Data becomes big data when individual data stops mattering and only a large
collection of it or analysis derived from it are of value
Offers many opportunities - advancement of science, improvement of health care,
promotion of economic growth, enhancement of education system and more ways
of social interaction and entertainment.
But Big data has its issues of security and privacy too due to its huge volume,
high velocity, large variety in data sources and formats etc.
3. DIMENSIONS OF BIG DATA
Big Data possesses characteristics that can be defined by several V’s
Volume
Refers to quantity of data. Big data is defined as massive data sets with measures such as
petabytes and zeta bytes. Vast amounts of data are generated every second. Today big
data is generated by machines, networks and human interaction on systems like social
media. Volume of data to be analysed is massive.
Velocity
Deals with the accelerating speed at which data flows in from sources like business
processes, machines, networks like social media sites, mobile devices, etc. The flow of
data is continuous. Reacting quickly enough to deal with data velocity is a challenge for
most organizations.
Variety
Refers to various formats of data . Structured, numeric data in traditional databases.

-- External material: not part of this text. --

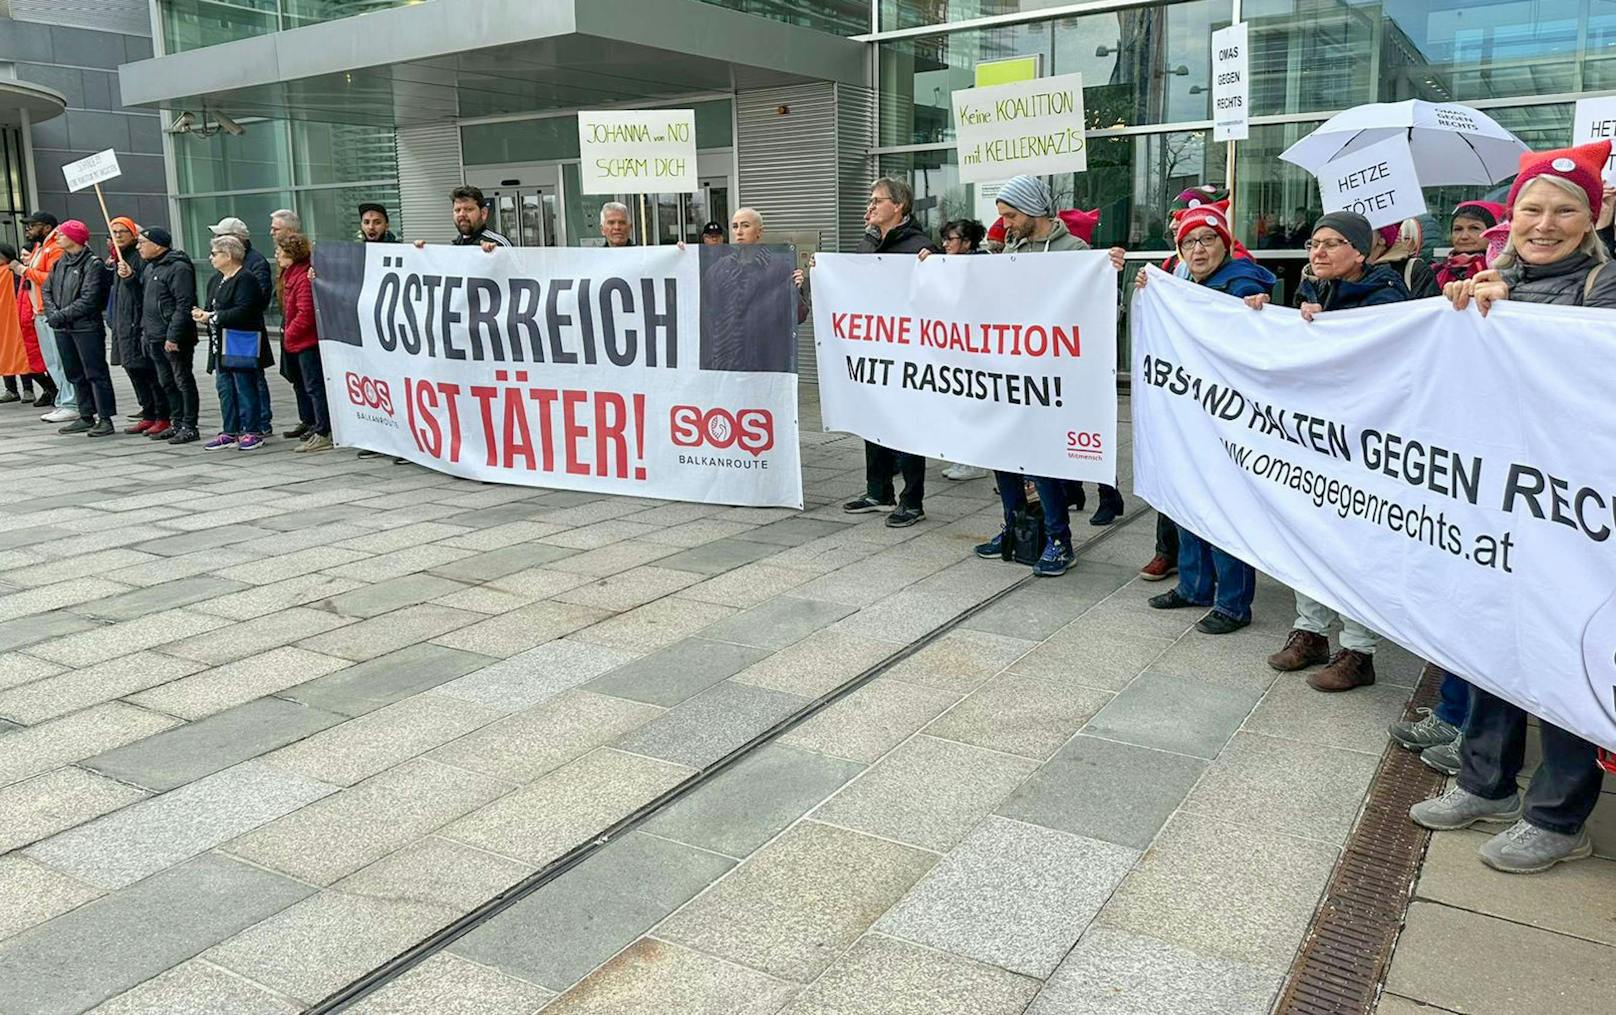 SOS Mitmensch-Teilnehmer mit Banner: "Keine Koalition mit Rassisten!"

Unstructured text documents, email, video, audio, stock ticker data and financial
4. Veracity
Refers to the quality of big data like biases, noise, abnormality of data, immeasurable
uncertainties and truthfulness and trustworthiness of data. Data that are erroneous,
duplicate and incomplete or outdated, as a whole are referred to as dirty data.
Valence
Refers to the connectedness of big data in the form of graphs just like atoms. Data items
are often directly connected to one another like a city is connected to its country. Two
Facebook users are connected as they are friends. A high valence data is denser.
Value
Refers to the fact how big data is going to benefit us and our organization. It helps in
measuring the usefulness of data in decision making. Queries can be run on the stored
data so as to deduce important results and gain insights
5. TOOLS FOR BIG DATA
Big Data storage and management tools
Hadoop- Provides a software framework for distributed storage and processing of big
data using the Map Reduce programming model
Cassandra- used for fast processing during very heavy writes and reads the environment
and stored data which is very large to fit on the server, but still want a friendly familiar
interface
MongoDB- used for dynamic queries, defining indexes for good performance on a big
database which makes applications faster and more efficiently at scale.

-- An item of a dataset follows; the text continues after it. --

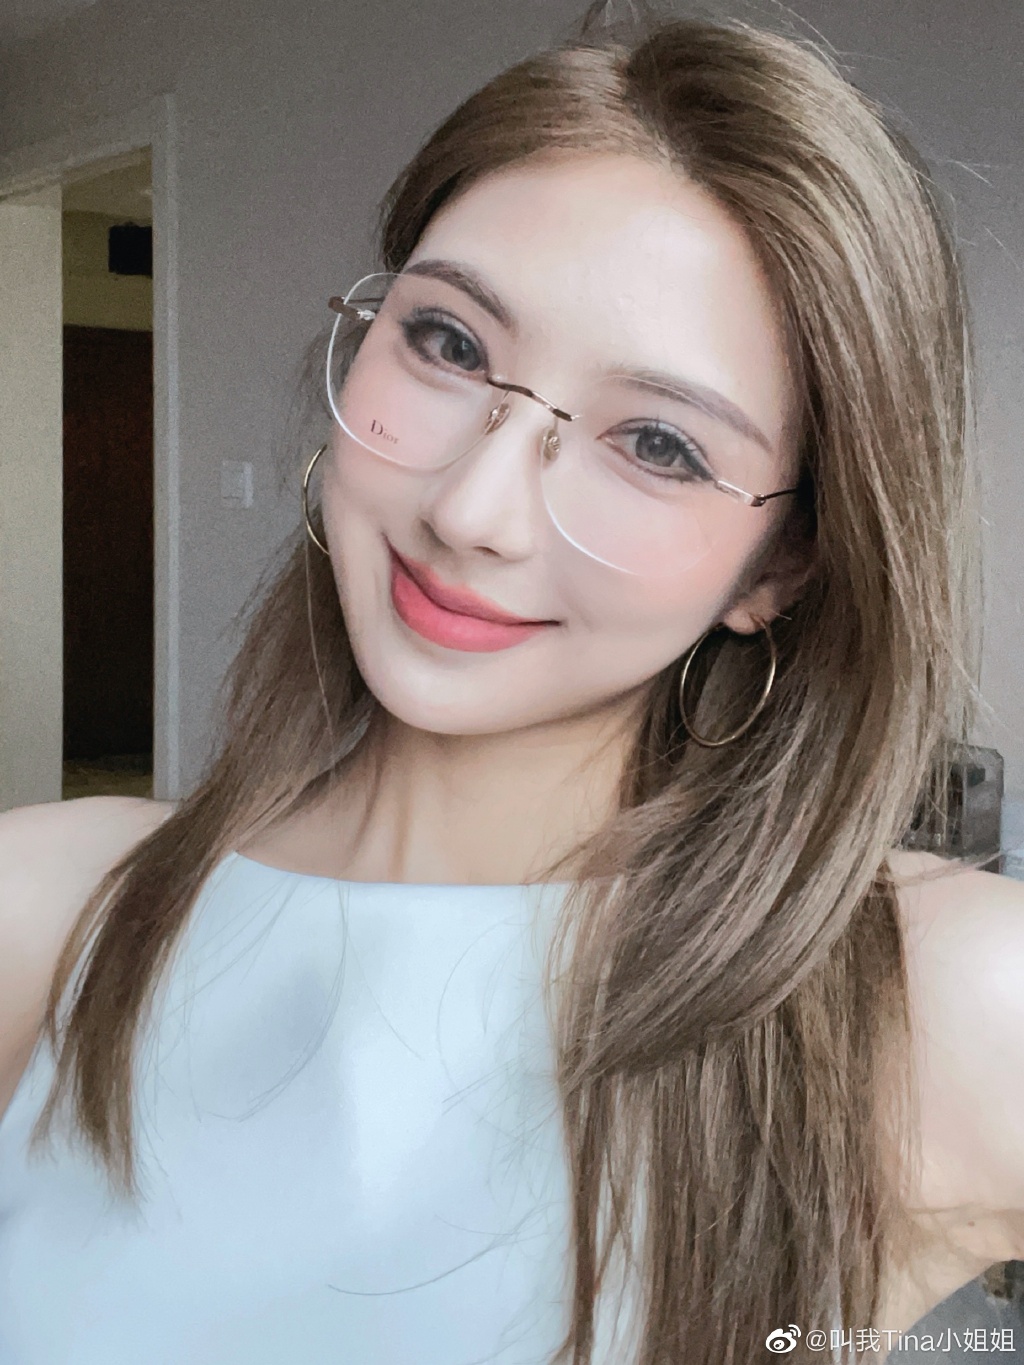 叫我Tina小姐姐with or without glasses？

Apache Hive- Analysis of large datasets stored in HDFS. Also, used for data
summarization, query and ad-hoc analysis to process structured and semi-structured data
in Hadoop
Hbase- Used for real-time big data applications which contain billions of rows and
millions of columns in tables built for low latency operations
Cloudera- 100% open source and is the only Hadoop solution to offer batch processing,
interactive SQL and interactive search as well as enterprise-grade continuous availability.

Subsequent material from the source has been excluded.